Our goal is to build an algorithm capable of recognizing a digit with high accuracy. To do so, we are going to build a tensorflow neural network model.
The model is LINEAR -> RELU -> LINEAR -> RELU -> LINEAR -> SOFTMAX.
Our first task is to create placeholders for X
and Y
. This will allow you to later pass your training data in when you run your session.
In [14]:
def create_placeholders(num_features, num_classes):
"""
Creates the placeholders for the tensorflow session.
Arguments:
num_features -- scalar, size of an image vector (num_px * num_px = 28 * 28 = 748)
num_classes -- scalar, number of classes (from 0 to 9, so -> 10)
Returns:
X -- placeholder for the data input, of shape [n_x, None] and dtype "float"
Y -- placeholder for the input labels, of shape [n_y, None] and dtype "float"
"""
X = tf.placeholder(tf.float32, shape=[None, num_features])
Y = tf.placeholder(tf.float32, shape=[None, num_classes])
return X, Y
Note: When we assign None to our placeholder, it means the placeholder can be fed as many examples as you want to give it.
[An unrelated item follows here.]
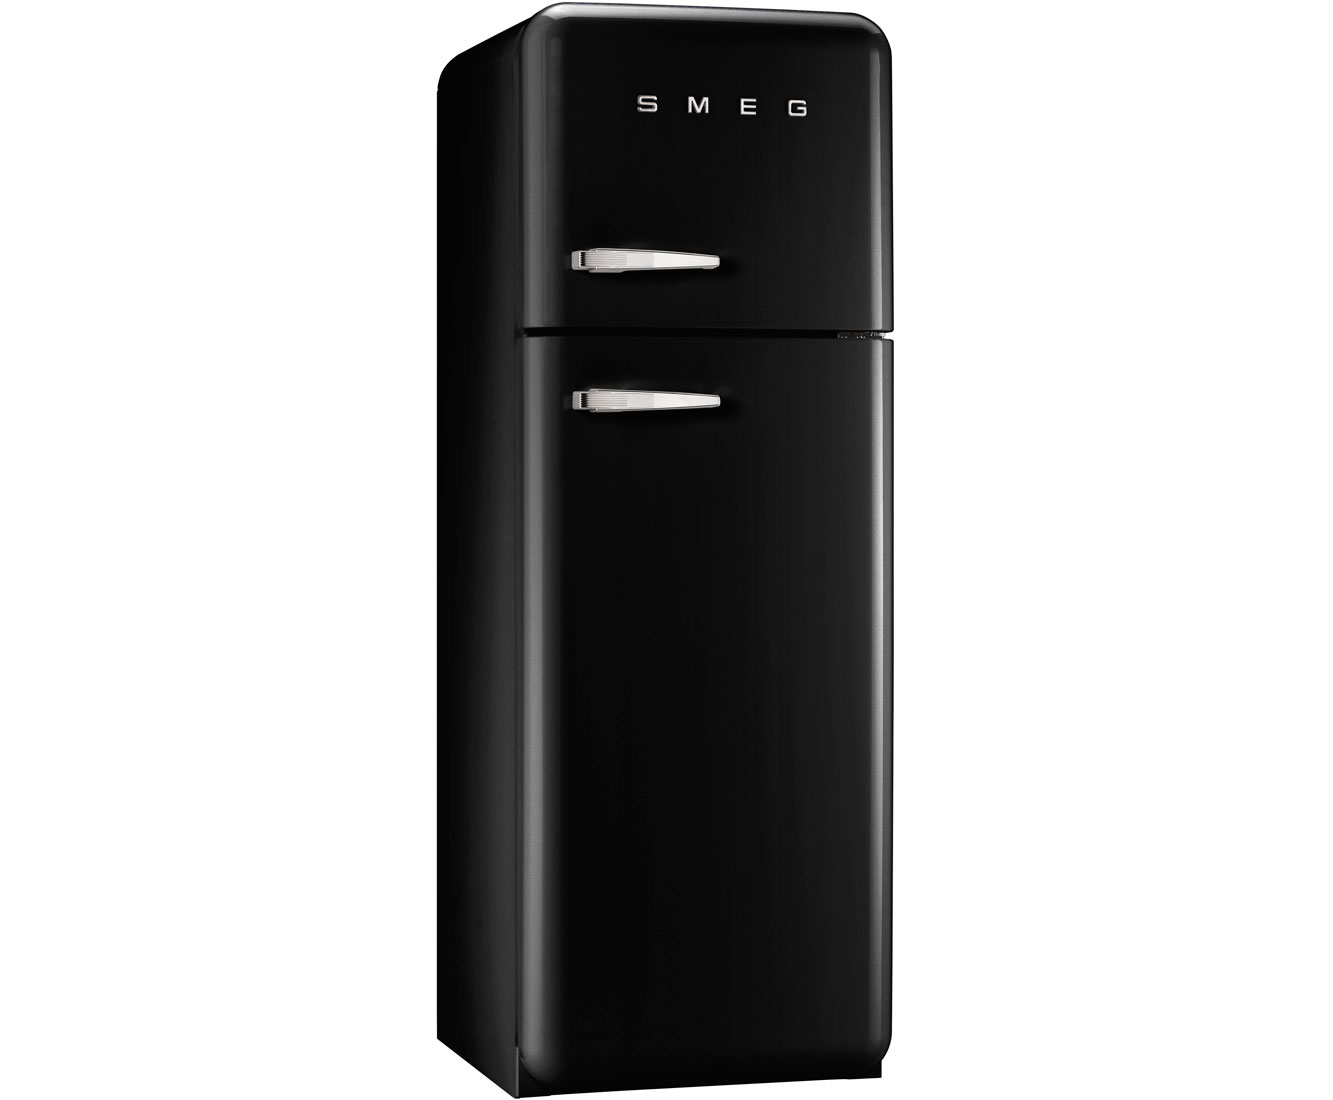 Smeg Right Hand Hinge FAB30RFN Free Standing Fridge Freezer in Black

In this case, our placeholder can be fed any multitude of 784-sized values.
In [15]:
X, Y = create_placeholders(X_train.shape[1], Y_train.shape[1])
print ("X = " + str(X))
print ("Y = " + str(Y))
In [16]:
def initialize_parameters(num_features, num_classes):
"""
Initializes parameters to build a neural network with tensorflow.
Arguments:
num_features -- scalar, size of an image vector (num_px * num_px = 28 * 28 = 748)
num_classes -- scalar, number of classes (from 0 to 9, so -> 10)
Returns:
parameters -- a dictionary of tensors containing W1, b1, W2, b2, W3, b3
"""
W1 = tf.get_variable("W1", [num_features, 25], initializer=tf.contrib.layers.xavier_initializer())
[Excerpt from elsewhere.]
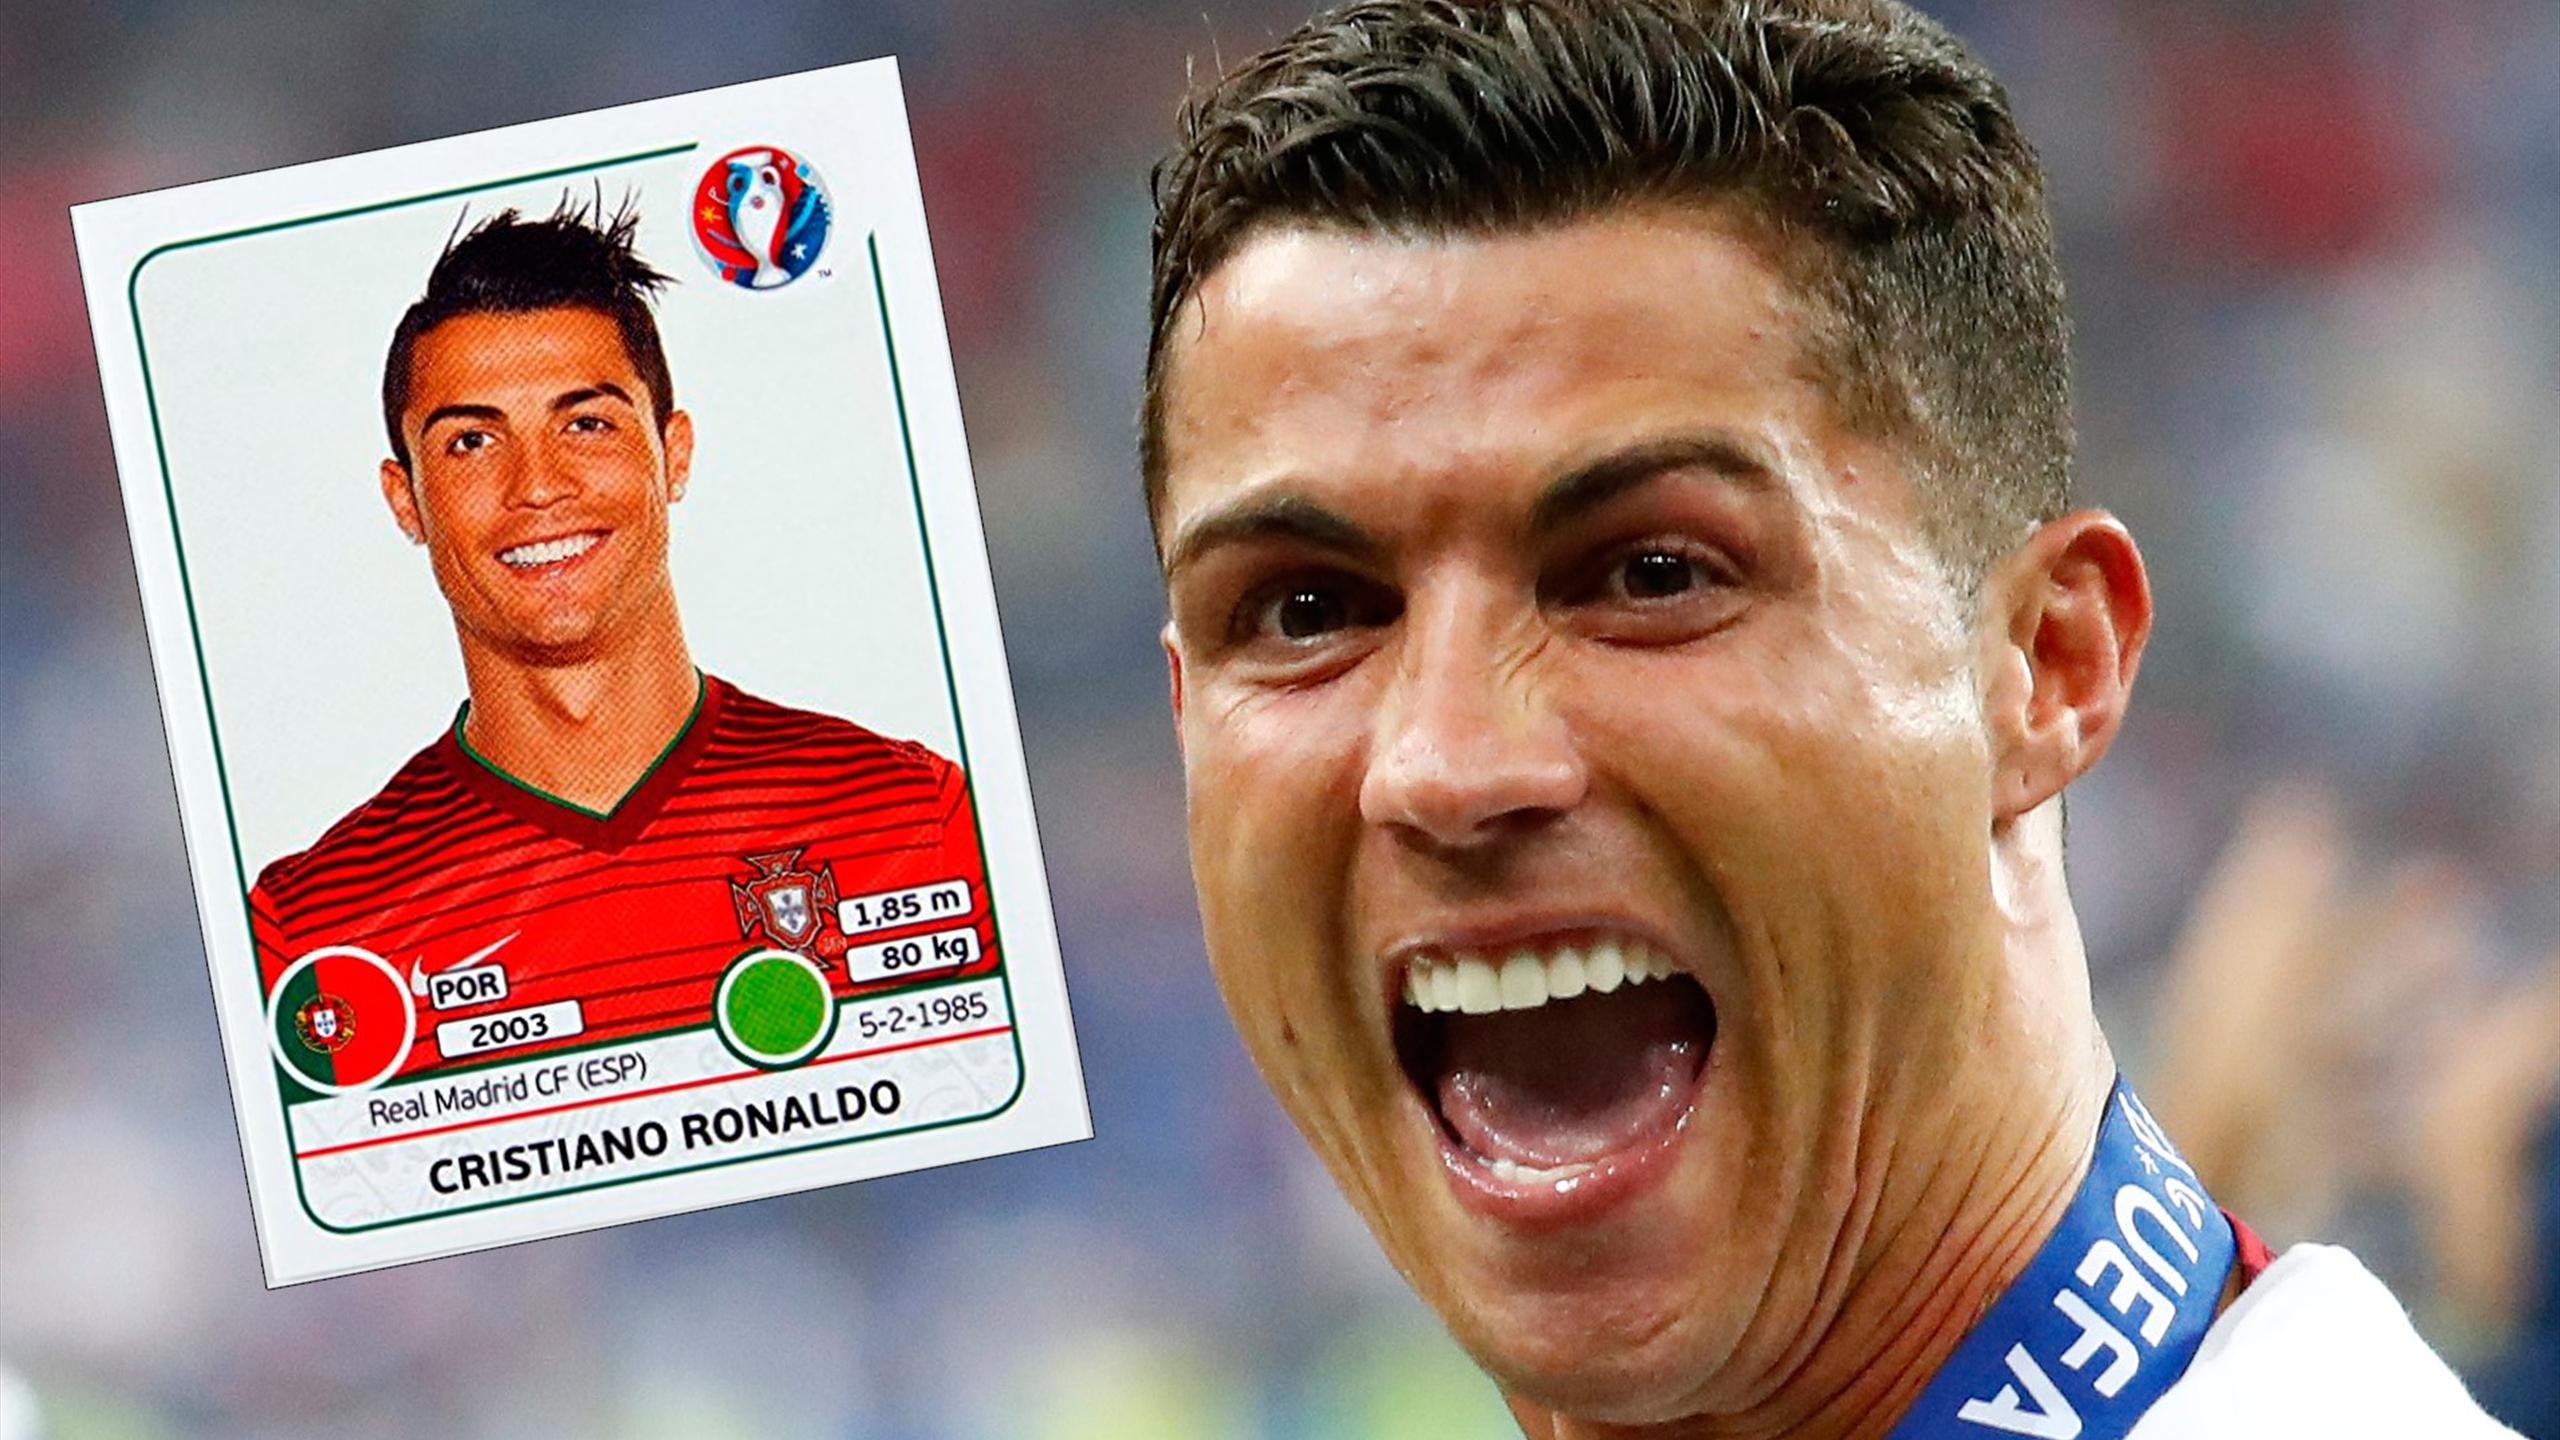 Cristiano Ronaldo and one of his Panini stickers

b1 = tf.get_variable("b1", [1,25], initializer = tf.zeros_initializer())
W2 = tf.get_variable("W2", [25, 12], initializer=tf.contrib.layers.xavier_initializer())
b2 = tf.get_variable("b2", [1,12], initializer = tf.zeros_initializer())
W3 = tf.get_variable("W3", [12, num_classes], initializer=tf.contrib.layers.xavier_initializer())
b3 = tf.get_variable("b3", [1, num_classes], initializer = tf.zeros_initializer())
parameters = {"W1": W1,
"b1": b1,
"W2": W2,
"b2": b2,
"W3": W3,
"b3": b3}
return parameters
In [17]:
with tf.Session() as sess:
parameters = initialize_parameters(X_train.shape[1], Y_train.shape[1])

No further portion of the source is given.